In a 2003 interview, Fields Medalist Terence Tao answered the question

What advice would you give to young people starting out in math (i.e. high school students and young researchers)?

by saying

Well, I guess they should be warned that their impressions of what professional mathematics is may be quite different from the reality. In elementary school I had the vague idea that professional mathematicians spent their time computing digits of pi, for instance, or perhaps devising and then solving Math Olympiad style problems.

In The Case against the Mathematical Tripos mathematician GH Hardy wrote

It has often been said that Tripos mathematics was a collection of elaborate futilities, and the accusation is broadly true. My own opinion is that this is the inevitable result, in a mathematical examination, of high standards and traditions. The examiner is not allowed to content himself with testing the competence and the knowledge of the candidates; his instructions are to provide a test of more than that, of initiative, imagination, and even of some sort of originality. And as there is only one test of originality in mathematics, namely the accomplishment of original work, and as it is useless to ask a youth of twenty-two to perform original research under examination conditions, the examination necessarily degenerates into a kind of game, and instruction for it into initiation into a series of stunts and tricks.

In The Map of My Life mathematician Goro Shimura wrote of his experience teaching at a cram school

I discovered that many of the exam problems were artificial and required some clever tricks. I avoided such types, and chose more straightforward problems, which one could solve with standard techniques and basic knowledge. There is a competition called the Mathematical Olympic, in which a competitor is asked to solve some problems, which are difficult and of the type I avoided. Though such a competition may have its raison d'être, I think those younger people who are seriously interested in mathematics will lose nothing by ignoring it.

In his lecture at the 2001 International Mathematics Olympiad, Andrew Wiles gave further description of how math competitions are unrepresentative of mathematical practice

Let me then welcome you not only to this event but also to the greater world of mathematics in what many of us believe is now a golden age. However let me also warn you — whatever the route you have taken so far, the real challenges of mathematics are still before you. I hope to give you a glimpse of this. What then distinguishes the mathematics we professional mathematicians do from the mathematical problems you have faced in the last week? The two principal differences I believe are of scale and novelty. First of scale: in a mathematics contest such as the one you have just entered, you are competing against time and against each other. While there have been periods, notably in the thirteenth, fourteenth and fifteenth centuries when mathematicians would engage in timed duels with each other, nowadays this is not the custom. In fact time is very much on your side. However the transition from a sprint to a marathon requires a new kind of stamina and a profoundly different test of character. We admire someone who can win a gold medal in five successive Olympics games not so much for the raw talent as for the strength of will and determination to pursue a goal over such a sustained period of time. Real mathematical theorems will require the same stamina whether you measure the effort in months or in years [...]
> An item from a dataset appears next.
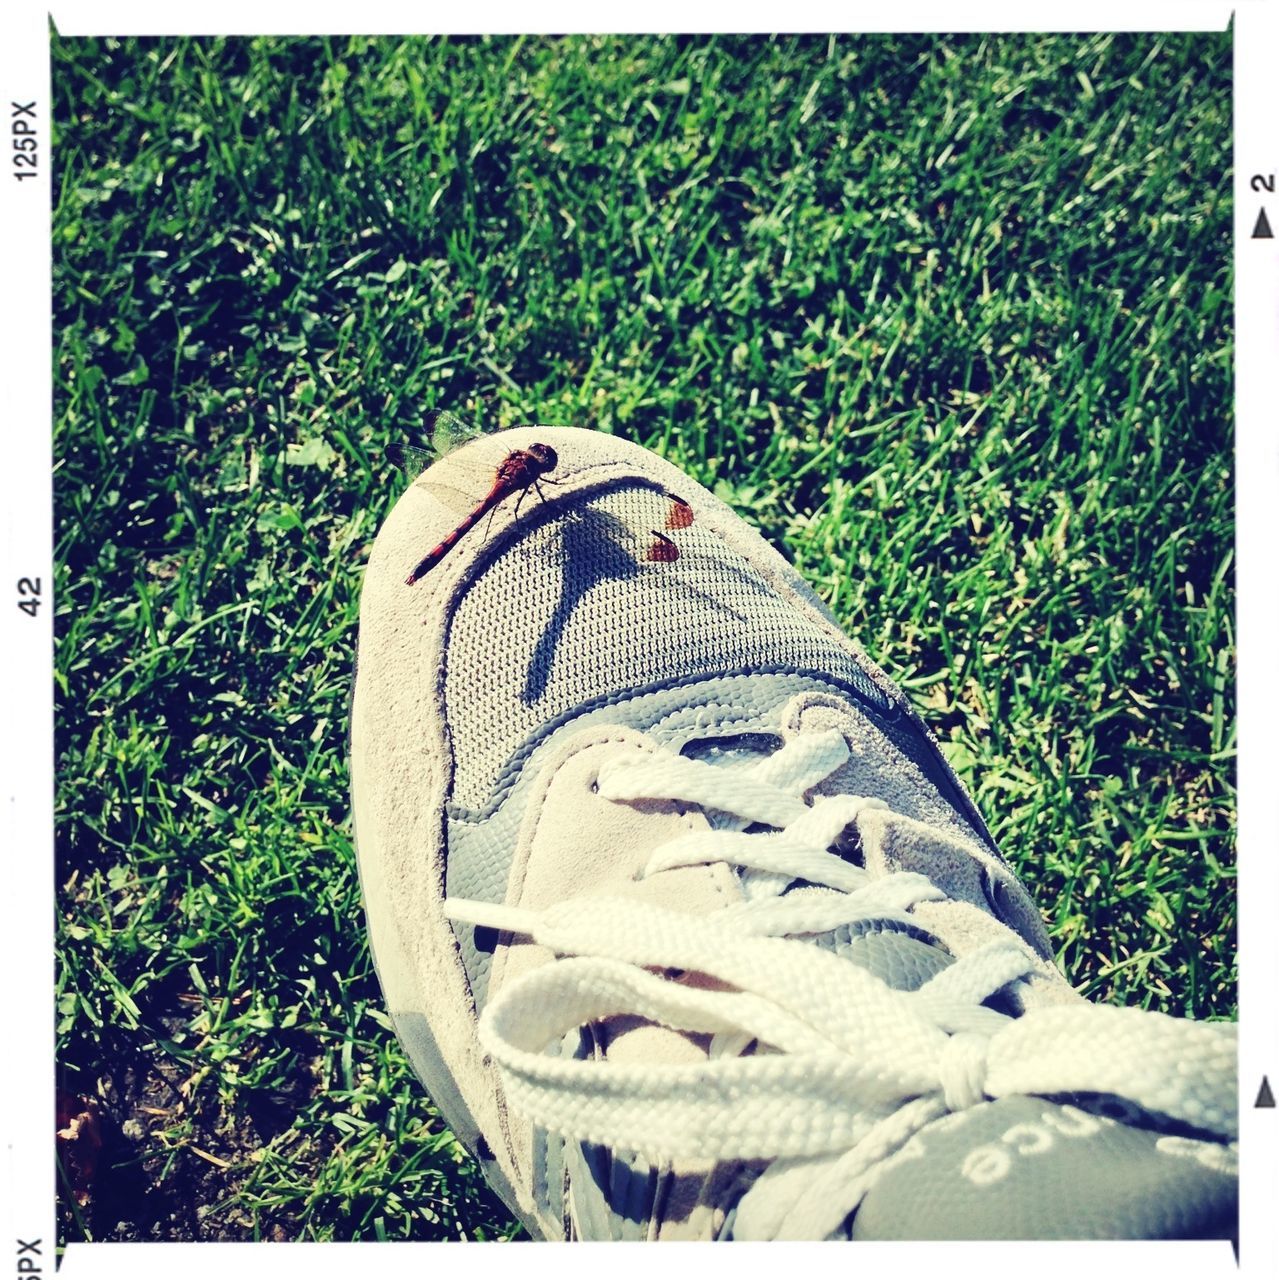 transfer print, auto post production filter, grass, field, high angle view, shoe, close-up, grassy, green color, outdoors, day, footwear, plant, sunlight, no people, growth, nature, pair, low section, part of

The second principal difference is one of novelty [...] Let me stress that creating new mathematics is a quite different occupation from solving problems in a contest. Why is this? Because you don't know for sure what you are trying to prove or indeed whether it is true.

In his Mathematical Education essay, Fields Medalist William Thurston said

Related to precociousness is the popular tendency to think of mathematics as a race or as an athletic competition. There are widespread high school math leagues: teams from regional high schools meet periodically and are given several problems, with an hour or so to solve them.

There are also state, national and international competitions. These competitions are fun, interesting, and educationally effective for the people who are successful in them. But they also have a downside. The competitions reinforce the notion that either you ‘have good math genes’, or you do not. They put an emphasis on being quick, at the expense of being deep and thoughtful. They emphasize questions which are puzzles with some hidden trick, rather than more realistic problems where a systematic and persistent approach is important. This discourages many people who are not as quick or as practiced, but might be good at working through problems when they have the time to think through them. Some of the best performers on the contests do become good mathematicians, but there are also many top mathematicians who were not so good on contest math.


Quickness is helpful in mathematics, but it is only one of the qualities which is helpful. For people who do not become mathematicians, the skills of contest math are probably even less relevant. These contests are a bit like spelling bees. There is some connection between good spelling and good writing, but the winner of the state spelling bee does not necessarily have the talent to become a good writer, and some fine writers are not good spellers. If there was a popular confusion between good spelling and good writing, many potential writers would be unnecessarily discouraged.

In his book Mathematics: A Very Short Introduction, Fields Medalist Timothy Gowers writes

While the negative portrayal of mathematicians may be damaging, by putting off people who would otherwise enjoy the subject and be good at it, the damage done by the word genius is more insidious and possibly greater. Here is a rough and ready definition of genius: somebody who can do easily, and at a young age, something that almost nobody else can do except after years of practice, if at all. The achievements of geniuses have some sort of magic quality about them - it is as if their brains work not just more efficiently than ours, but in a completely different way. Every year or two a mathematics undergraduate arrives at Cambridge who regularly manages to solve a in a few minutes problems that take most people, including those who are supposed to be teaching them, several hours or more. When faced with such a person, all one can do is stand back and admire.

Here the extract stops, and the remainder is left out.